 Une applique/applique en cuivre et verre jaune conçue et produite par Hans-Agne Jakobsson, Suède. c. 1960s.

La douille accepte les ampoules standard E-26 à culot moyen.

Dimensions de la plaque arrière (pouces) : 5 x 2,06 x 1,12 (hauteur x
******
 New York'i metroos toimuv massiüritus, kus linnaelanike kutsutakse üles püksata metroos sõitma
******
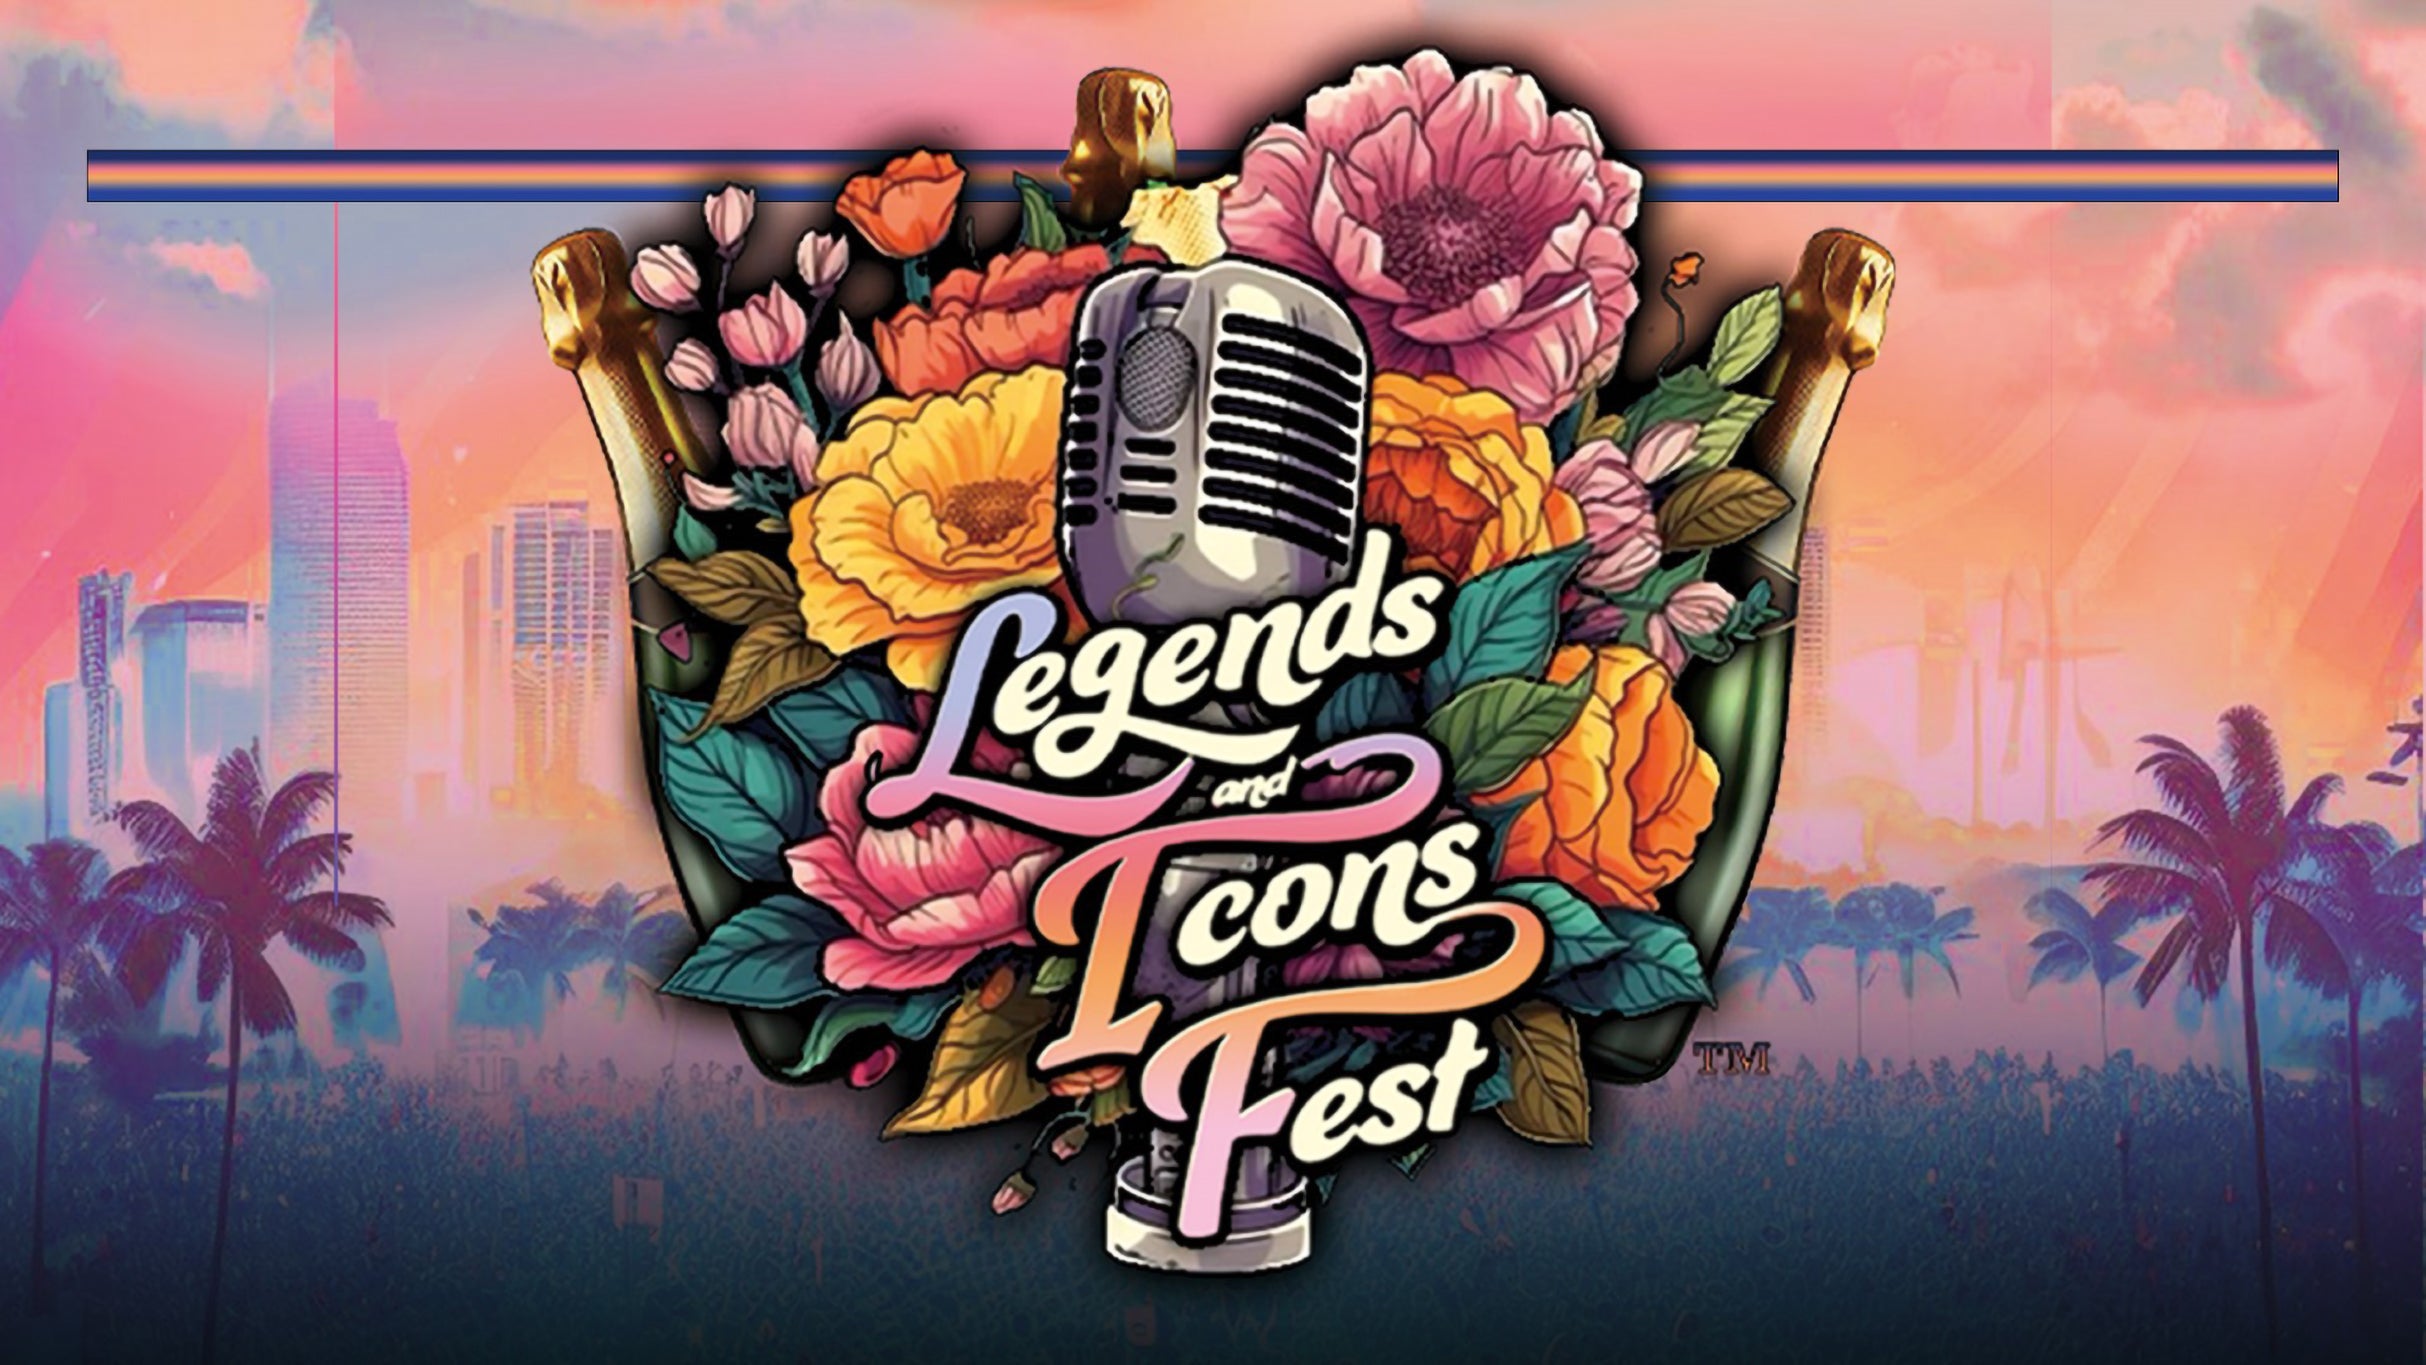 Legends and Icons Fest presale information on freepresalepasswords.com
******
◆ Aim of the task ◆
Your task is to retype the entries verbatim, starting with the line that holds "Une applique/applique en" and stopping after the line that holds "Dimensions de la".

◆ Your response ◆
 Une applique/applique en cuivre et verre jaune conçue et produite par Hans-Agne Jakobsson, Suède. c. 1960s.

La douille accepte les ampoules standard E-26 à culot moyen.

Dimensions de la plaque arrière (pouces) : 5 x 2,06 x 1,12 (hauteur x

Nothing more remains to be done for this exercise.